Dataset content –
++++++++

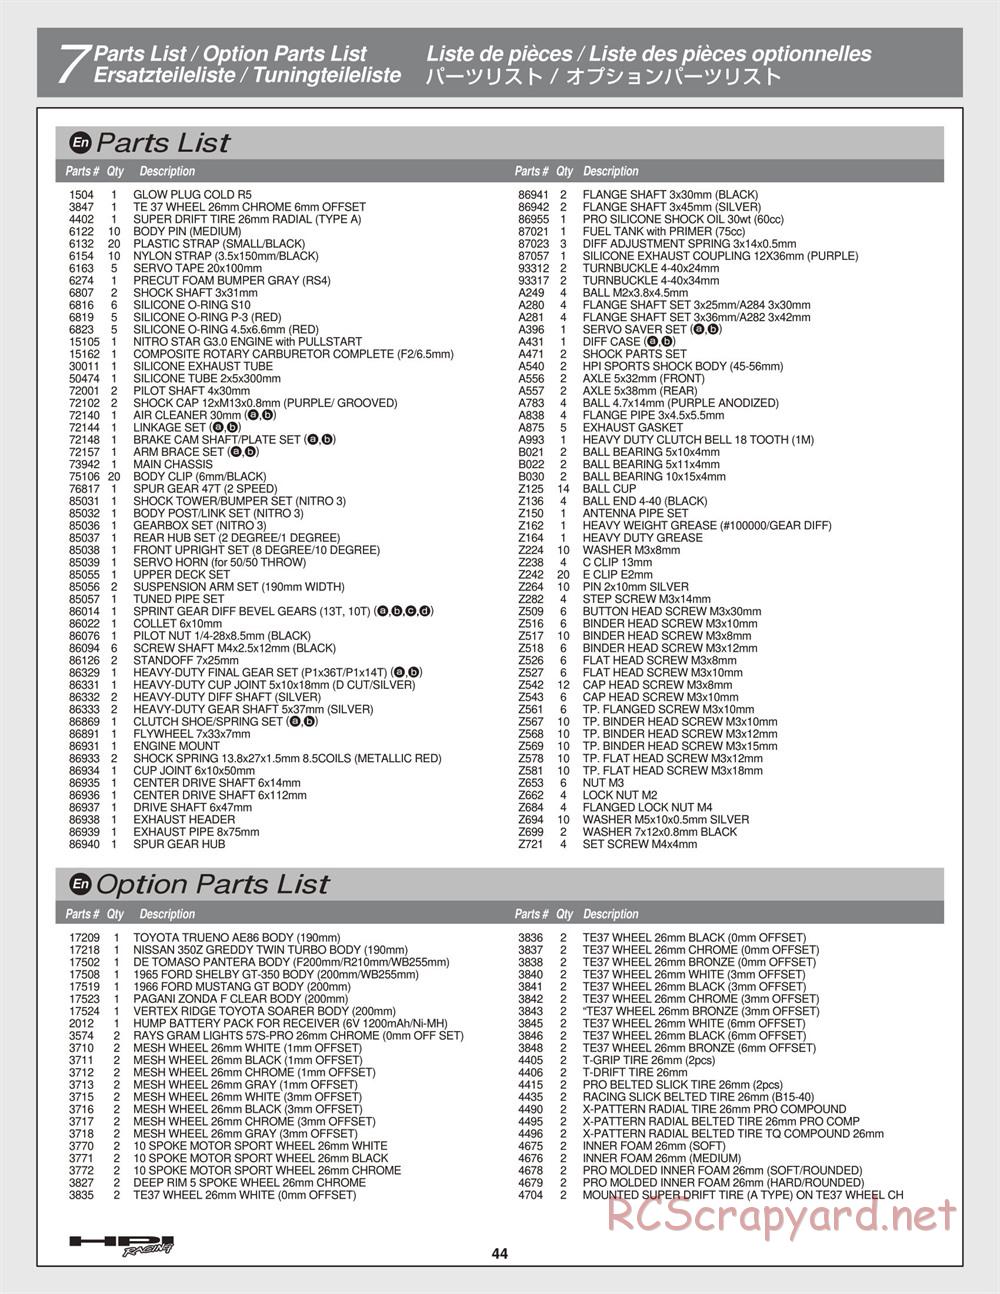 HPI - Nitro RS4 3 Drift - Manual - Page 44
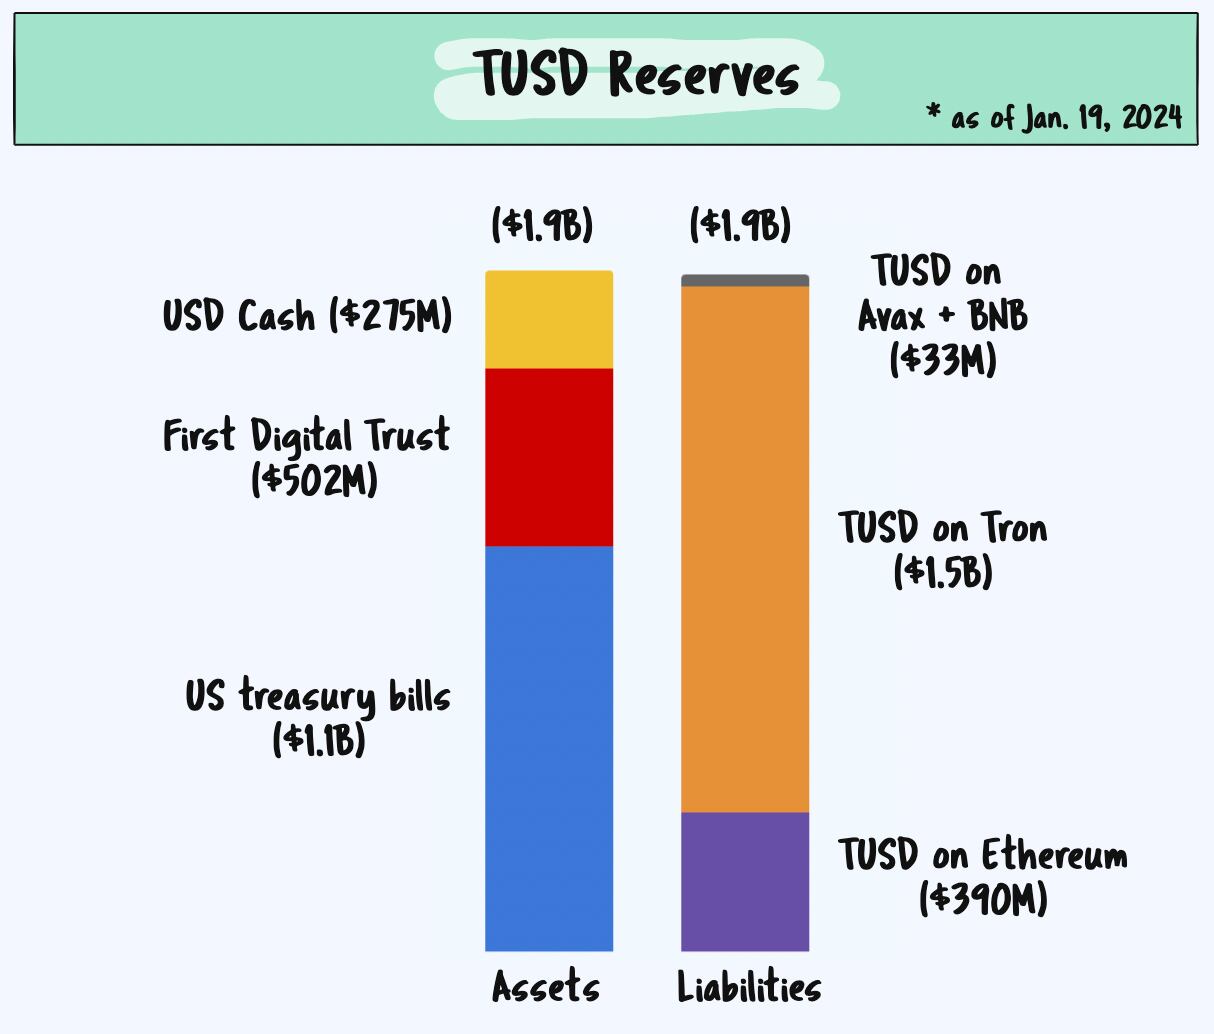 TUSD's reserves breakdown
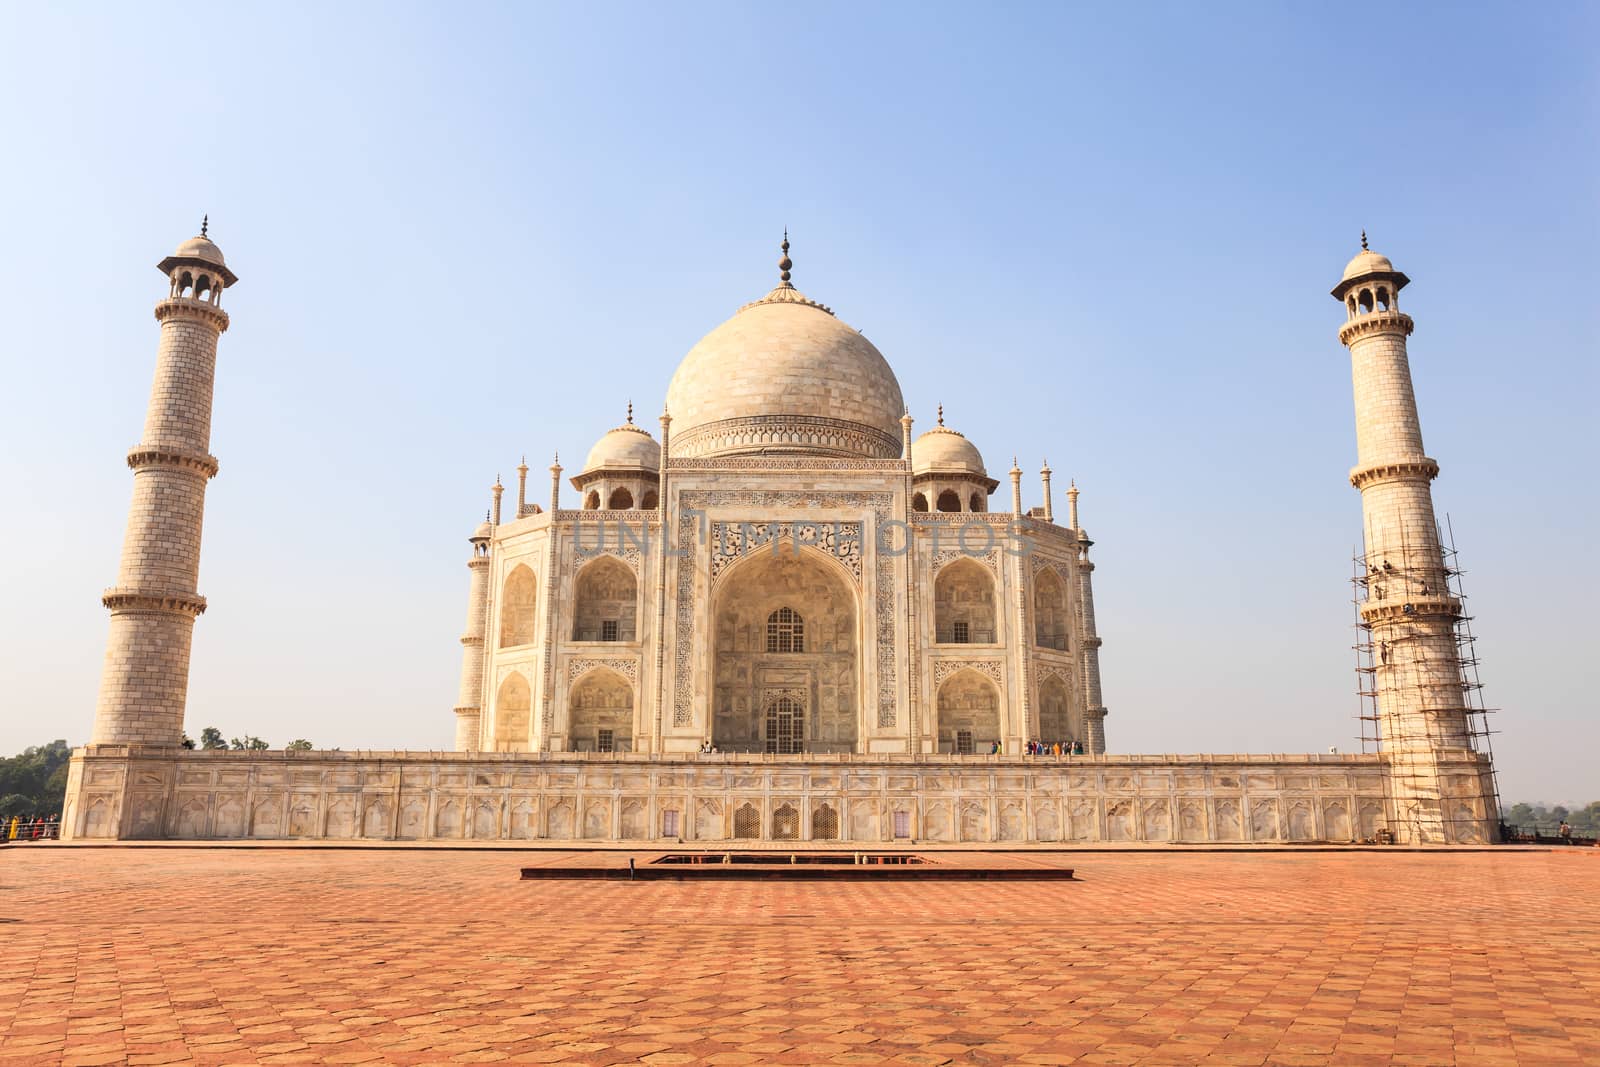 Taj Mahal, the white marble mausoleum in Agra, India
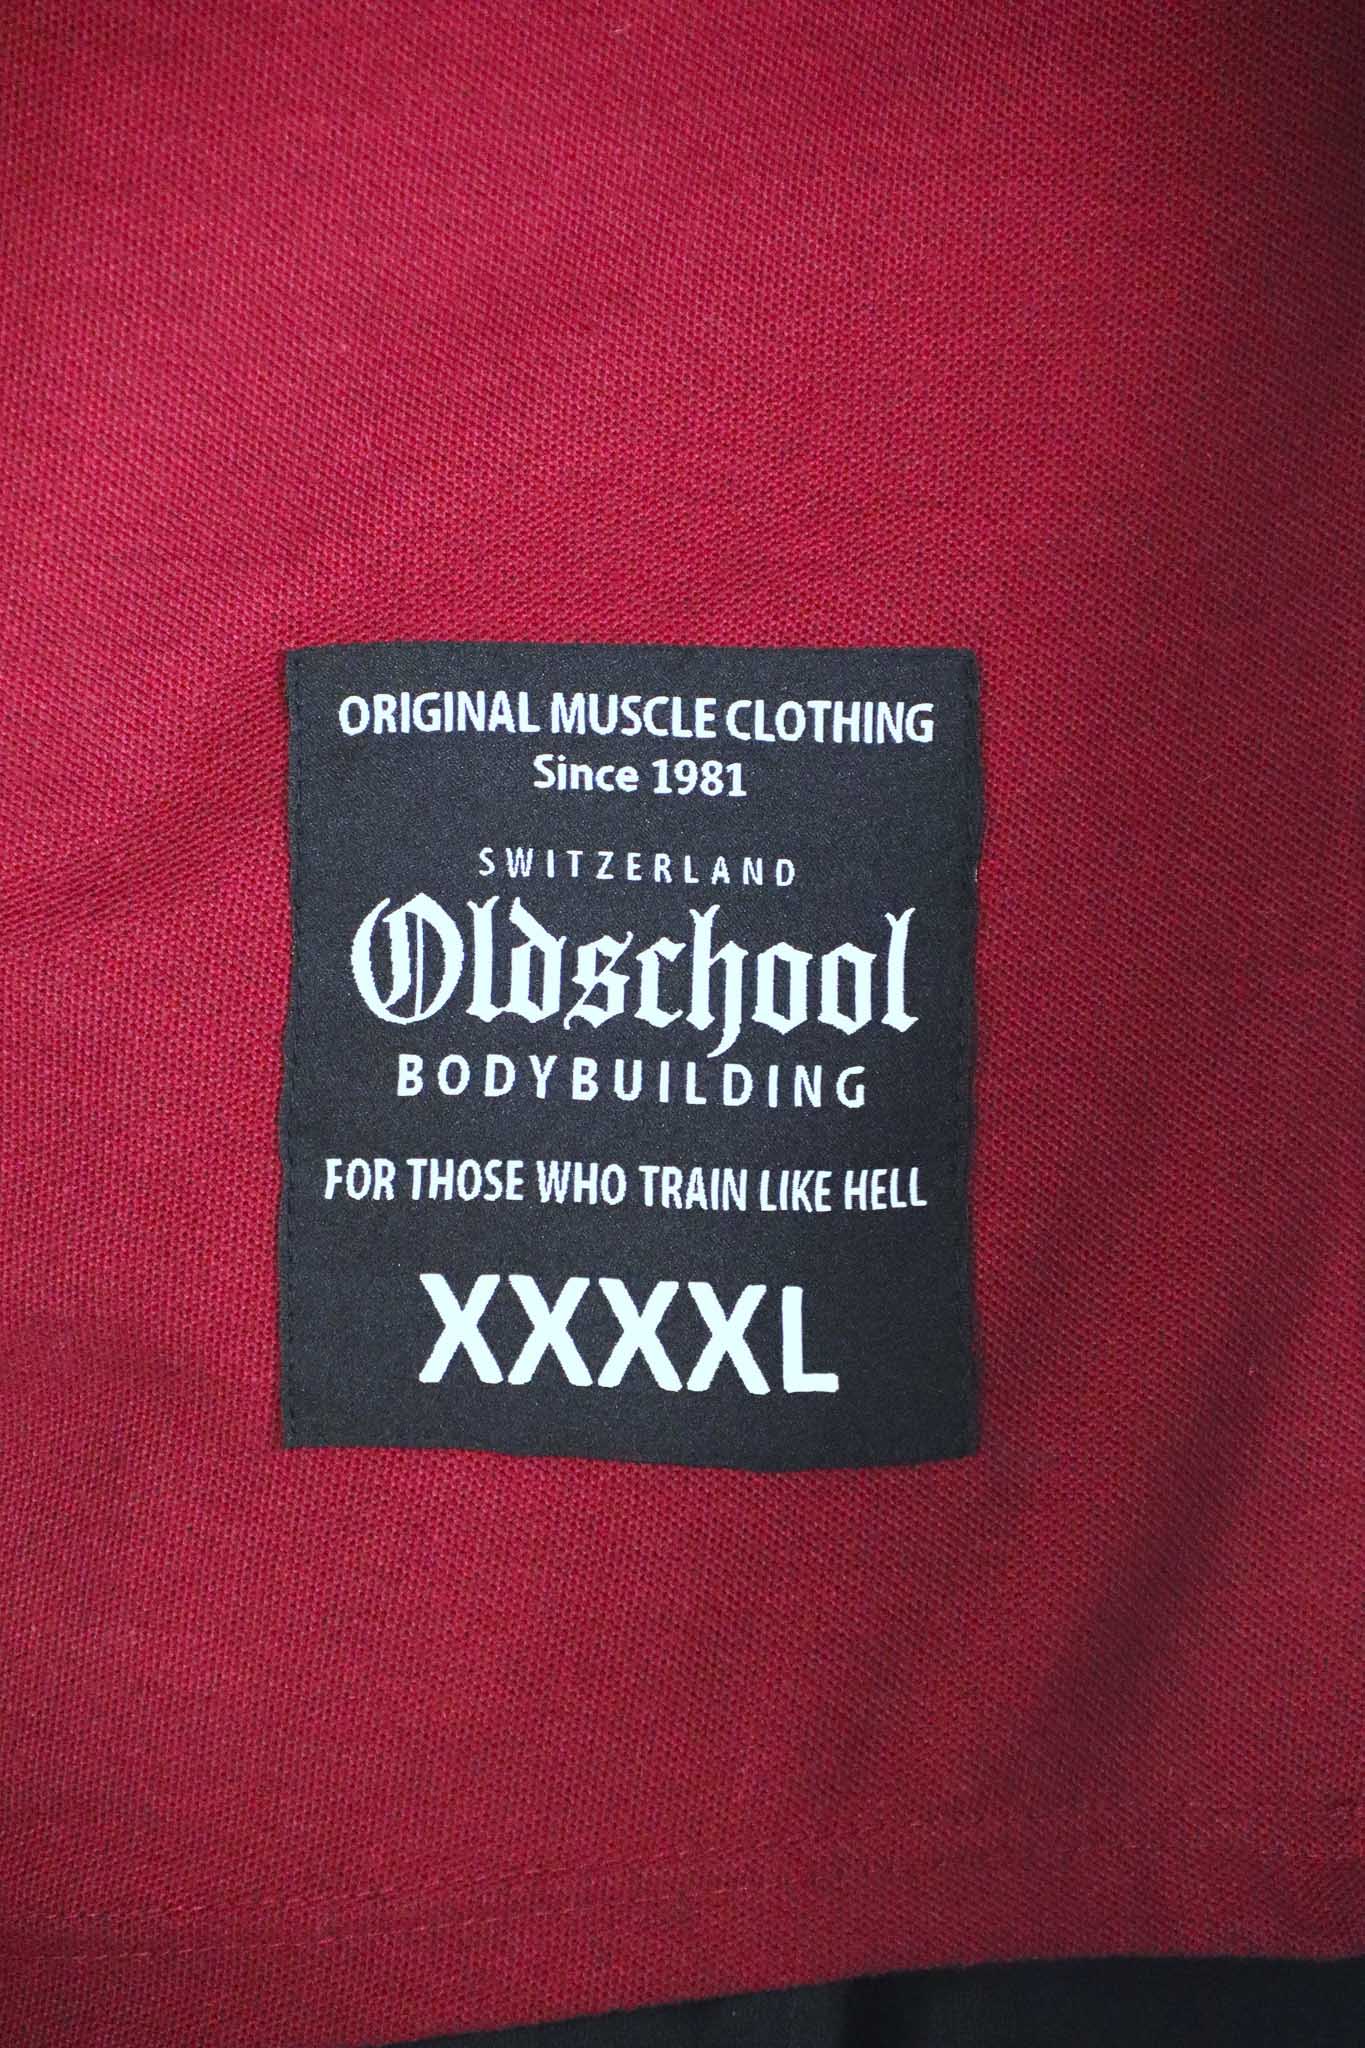 Oldschool Bodybuilding Switzerland  XXXXL Limited Edition Shirt - Bordeaux/Gold

++++++++

What is being asked –
Copy everything in the listing above exactly except the pictures.

Response to the exercise –
 HPI - Nitro RS4 3 Drift - Manual - Page 44
 TUSD's reserves breakdown
 Taj Mahal, the white marble mausoleum in Agra, India
 Oldschool Bodybuilding Switzerland  XXXXL Limited Edition Shirt - Bordeaux/Gold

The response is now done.